夫の兄が亡くなりました。
夫の兄は、遠方に住んでいて、夫も、何年も連絡を取っていませんでした。
そんな中、夫の姉から、兄が死亡したという連絡がありました。
そして、相続の手続に必要だから、実印を貸せと言われました。
実印を貸すなんて絶対に許せなかったので、断るように言うと、今度は、白紙の紙を送りつけてきて、「ここに実印で署名押印してくれ」と言ってきたのです。
夫が、兄の財産はどれくらいあるかのと聞いても、「銀行預金が僅かにあるだけで、行政書士に手数料を払ったら、マイナスになるかもしれないくらいしか無い」というだけで、具体的にどれくらいあるのかという事を教えてくれません。
このような場合は、どうしたら良いのでしょうか。

相続の相談でも、この「白紙の紙に署名押印を求められた」というのはすごく多く、難しい問題となります。

財産が実はもっと沢山あって、それを独り占めしようとしてるんではないだろうか、というようなトラブルが絶えません。それはそうですよね、本当に僅かの銀行預金しかないのなら、わざわざお互いの関係に亀裂が入りかねないような、白紙の紙へ署名押印を求めるなんて事は考え辛いのです。

本当に銀行預金だけであるなら、正当な遺産分割協議書を作って、お互いに納得した上で堂々と署名押印を求めれば良い訳です。

しかし、これをしないと言う事は、何か後ろめたい事情があるのではないかと考えてしまうのが普通ですよね。

ですから、このような場合は、相手方に、遺産はどれくらいあるのか、財産目録などを出してもらう事をしてください。それでも相手方が財産を明示してこないのであれば、調停や審判に入って行く事になります。

ある程度、財産があるような状態であれば、弁護士に依頼するのも悪くないと思いますが、あなたのケースのように、どれくらい財産があるか分からないようなケースでは、弁護士費用の方が高くついてしまう可能性もありますので、家庭裁判所に相談するか、内容証明郵便で、財産の明示を求めるくらいでしょうか。

相手方も、白紙の紙への署名押印を求めてきたと言う事は、旦那さんの実印がなければ相続手続を進めることができない状態であると言う事です。安易に実印を押さずに、話し合いをされることをおすすめします。

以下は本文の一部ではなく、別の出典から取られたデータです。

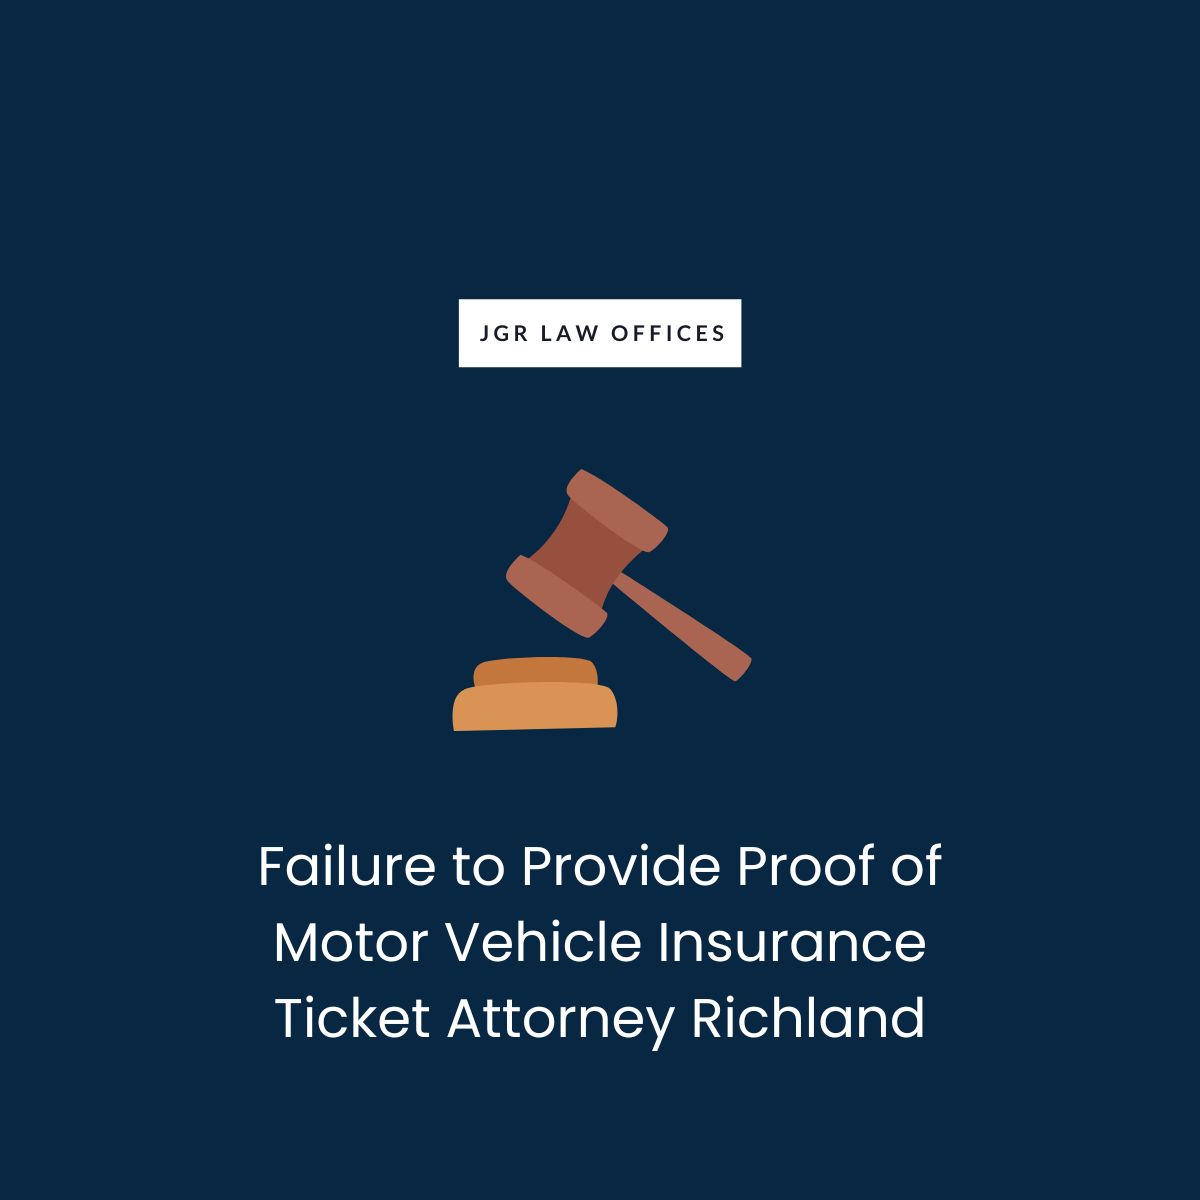 Failure to Provide Proof of Motor Vehicle Insurance Ticket Attorney Richland
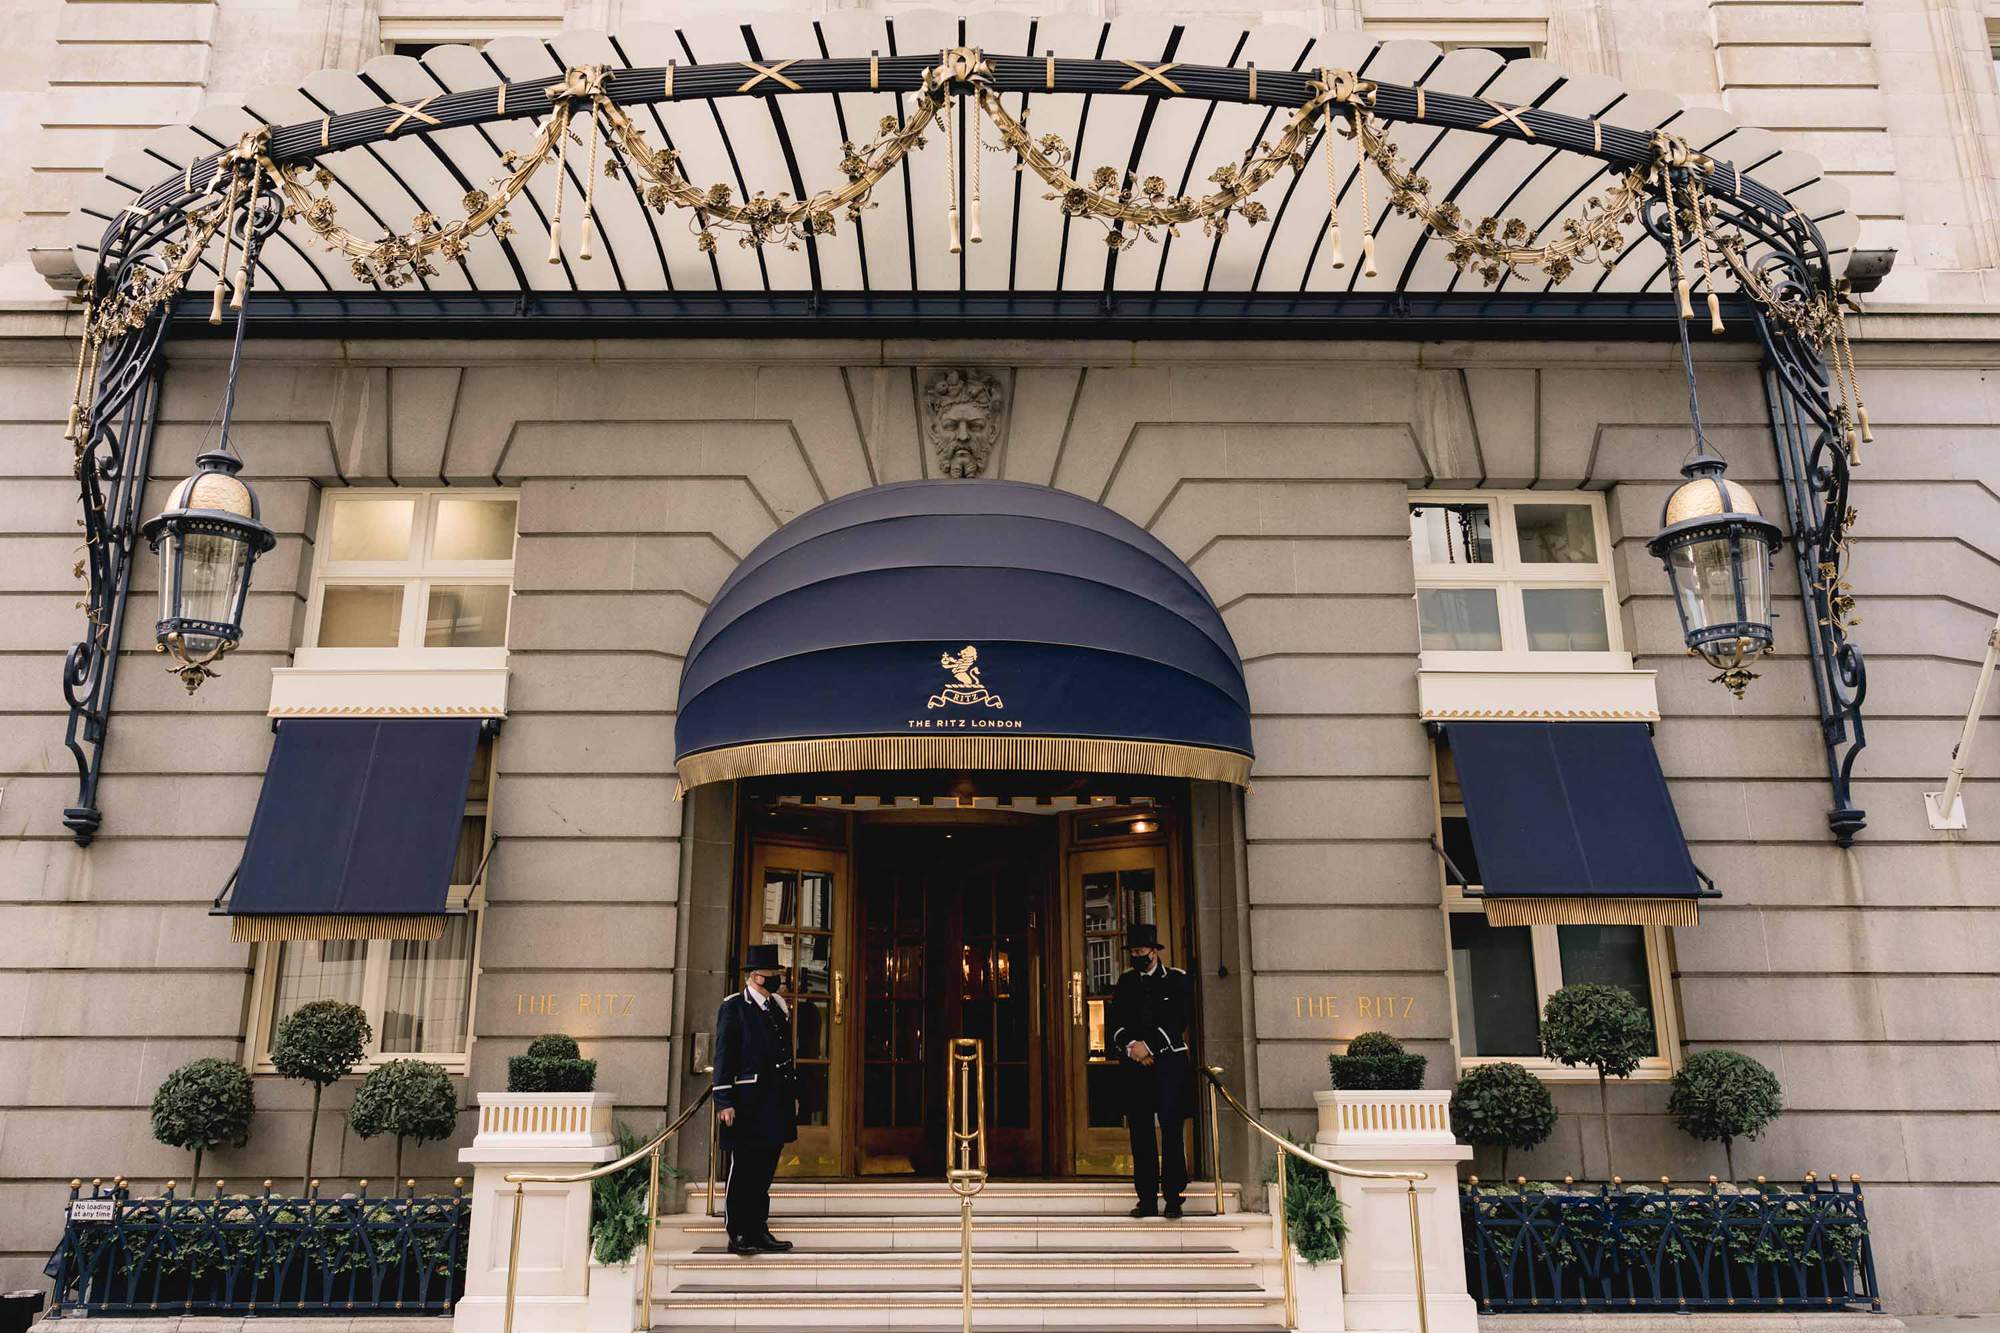 The entrance to the Ritz hotel wedding venue in Mayfair, London.

また、知っておいてもらいたい事が、白紙の紙に押印をしてしまうと、最悪の場合、借金などの債務を負うことになってしまう場合もあると言う事です。
夫の姉は、少しの預金だからと、相続手続を終わらせてしまったとして、疎遠であったお兄さんの事ですから、後から借金や債務が出てくる事が考えられるのです。

遺産分割協議書や相続分皆無証明書に実印を押してしまうと、相続を承認したことになりますから、注意してください。

ですから、「兄さんの遺産なんていらないや」と思った時であっても、債務があるかどうかの確認をし、債務があるような場合、または不明な場合は相続を放棄する事が望ましいと言えます。